Bunun üzerine Marmara Üniversitesi Rektörü Prof. Dr. Zafer Gül şu açıklamayı yapmıştır: “Sayın Başbakanımız, T.C. İstanbul İktisadi ve Ticari İlimler Akademisi Ticari Bilimler Fakültesi’nden 1980-1981 öğretim yılı Şubat döneminde mezun olmuştur. Kendisine, isteği üzerine 3 Nisan 1981 tarihinde geçici mezuniyet belgesi verilmiştir. Marmara Üniversitesi kurulmadan önce, Sultanahmet’teki İstanbul İktisadi ve Ticari İlimler Akademisi’ne bağlı olarak Aksaray’da 4 yıllık İktisadi ve Ticari Bilimler Yüksekokulu vardı. Daha sonra bu yüksekokul Ticari Bilimler Fakültesi oldu. 1983 yılında Marmara Üniversitesi, mevcut olan İstanbul İktisadi ve Ticari İlimler Akademisi ile bağlı fakülte ve yüksek okullar bünyesi üzerine kuruldu. Kurucu rektörümüz de sayın Prof. Dr. Orhan Oğuz’dur.”

Temmuz 1982’de çıkarılan 41 sayılı Kanun Hükmündeki Kararname ve 28 Mart 1983 tarihinde yürürlüğe giren 2809 sayılı Yasa ile Akademinin tüm fakülteleri birleştirilip yeni kurulan Marmara Üniversitesi bünyesine “Marmara Üniversitesi İktisadi ve İdari Bilimler Fakültesi” adıyla katılmıştır. Böylece fakülte statüsü kazanan bu okulların eğitim süresi dört yıl olmuştur.

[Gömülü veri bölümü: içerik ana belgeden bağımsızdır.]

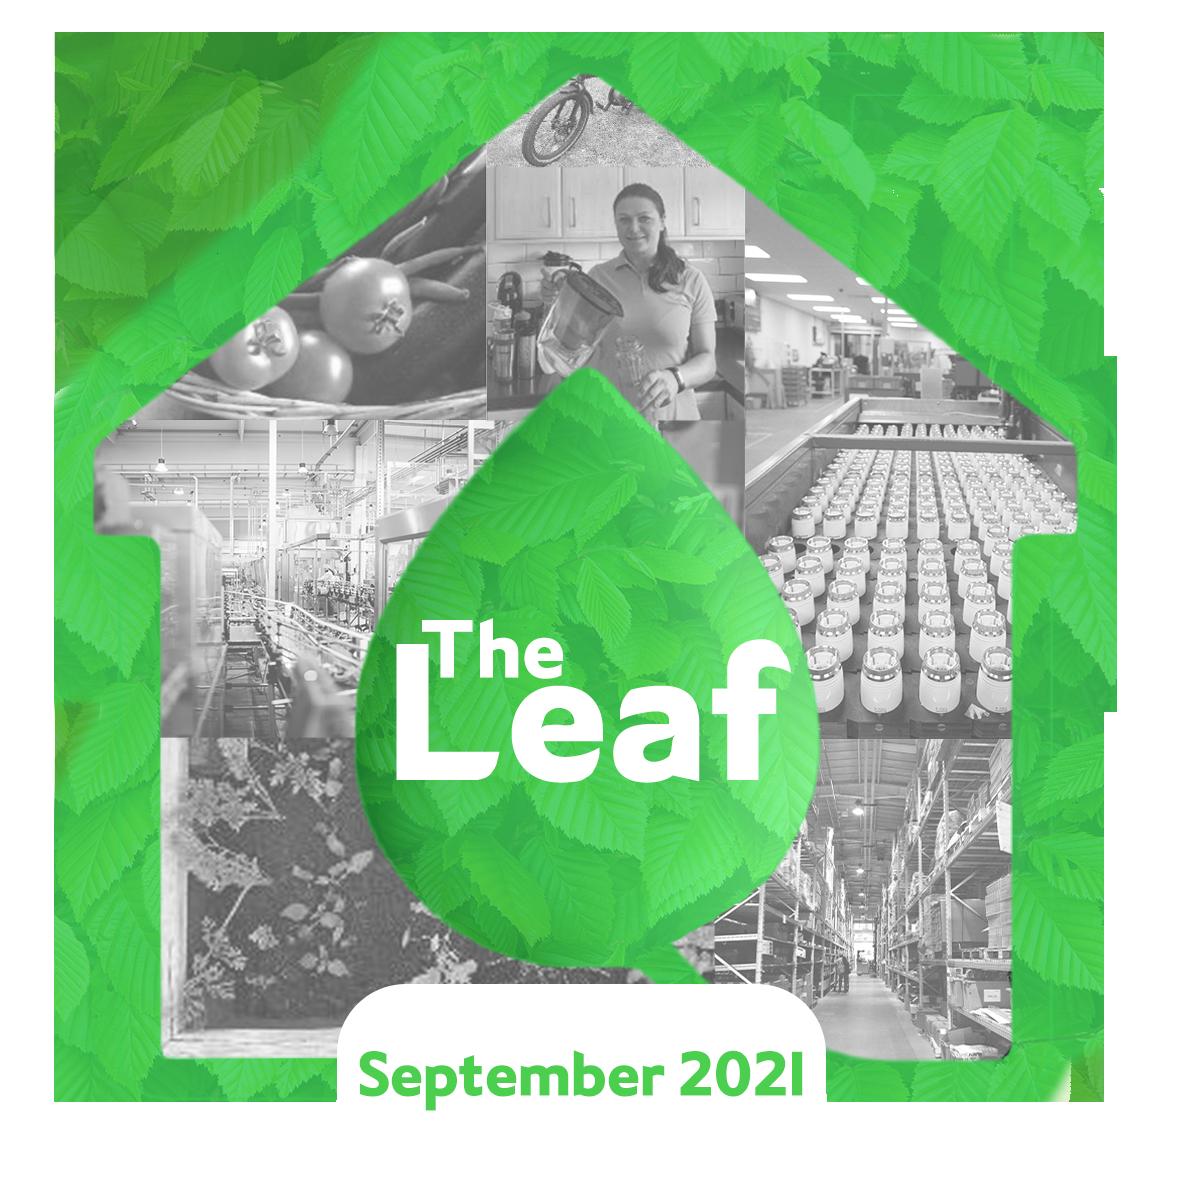 The Leaf - Drayton Sustainability Blog - Logo Sep 2021

Yasa ile Galatasaray İktisat ve İşletmecilik Yüksek Okulu, İstanbul İktisadi ve Ticari İlimler Akademisi’nin İşletme Fakültesi ile birleştirilmiş, Aksaray Yüksek Ticaret Okulu ve Beyazıt Maliye Muhasebe Yüksek Okulu ise Ticari Bilimler Fakültesi’ne dönüştürülerek sayısı dörde çıkan fakülteler birleştirilip Marmara Üniversitesi’ne bağlı tek bir fakülte haline gelmiştir.

Bu kapsamda bir hatırlatma. Sultanahmet’teki Rektörlük binası çıkan bir yangınla tamamen yanmış, kül olmuştur.

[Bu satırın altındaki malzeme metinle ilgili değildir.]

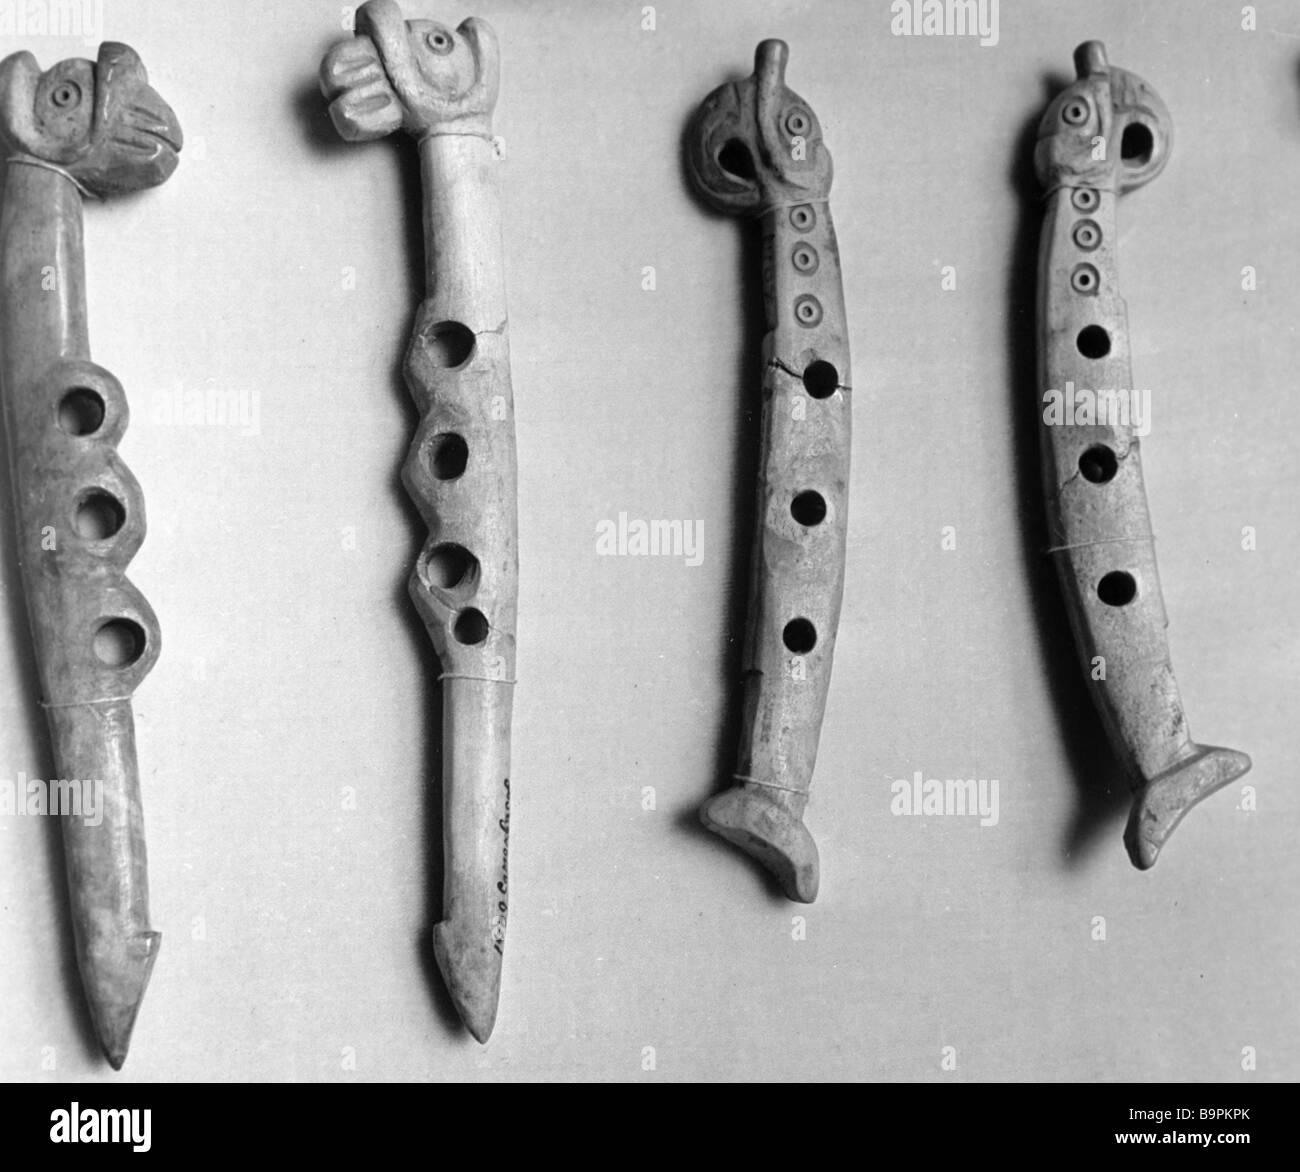 Scythian bone psalium 5th century BC Akvyutintsy settlement Sumy Region D Samokvasov s excavations - Stock Image

Cumhurbaşkanı Erdoğan’ın hem AKP sitesindeki “kurucular” bölümündeki biyografisinde, hem de Cumhurbaşkanlığı resmi sayfasındaki biyografisinde Marmara Üniversitesi İktisadi ve Ticari Bilimler Fakültesi’nden 1981 yılında mezun olduğu yazılmıştır.

O dönemde Dekan olan Doç. Dr. Sinan Artan ve Dekan Yardımcısı Doç. Dr. Besim Akın benim yakın arkadaşlarımdı. Sinan Artan ile Anadolu Üniversitesi’nden yakınlığımız vardı. Besim Akın ise Erzurum Üniversitesi’nden gelmişti.

1978-1982 döneminde Türkiye’de Akademi, Üniversite, Yüksek Okul çekişmesi vardı. Üniversite hocaları Akademilerde ders vermiyorlardı. Eskişehir İTİA’de Akademi Başkanı olan Prof. Dr. Orhan Oğuz Hoca’nın yardımcısı olan kayınpederim Prof. Dr. Halil Dirimtekin’in tavsiyesi üzerine hocam Orhan Oğuz’un hatırını kırmayarak 3 yıl İstanbul’da Akademi ve Yüksek Okullarında 3. sınıflara “Uluslararası İktisat” dersi verdim.

Aksaray’daki 4 yıllık İktisadi ve Ticari Bilimler Yüksekokulu da ders verdiğim yüksek okul idi. Sayın Cumhurbaşkanı 1981 yılında mezun olduğuna göre, ben de 3. sınıflara uluslararası iktisat dersi verdiğim için (1980 yılı) kalabalık öğrenci grubu içinde kendisini hatırlamasam da “fiilen” Cumhurbaşkanının hocası sayılırım. Tıpkı CHP Milletvekili Prof. Dr. Aydın Ayaydın gibi.

Liberal Demokrat Parti’nin teklifini bu açıdan destekliyorum. Sayın Cumhurbaşkanının “hocalarını” ve “sınıf arkadaşlarını” Cumhurbaşkanlığı Külliyesi’ne davet etmesi, bence güzel bir öneri olup, bir kadirşinaslıktır.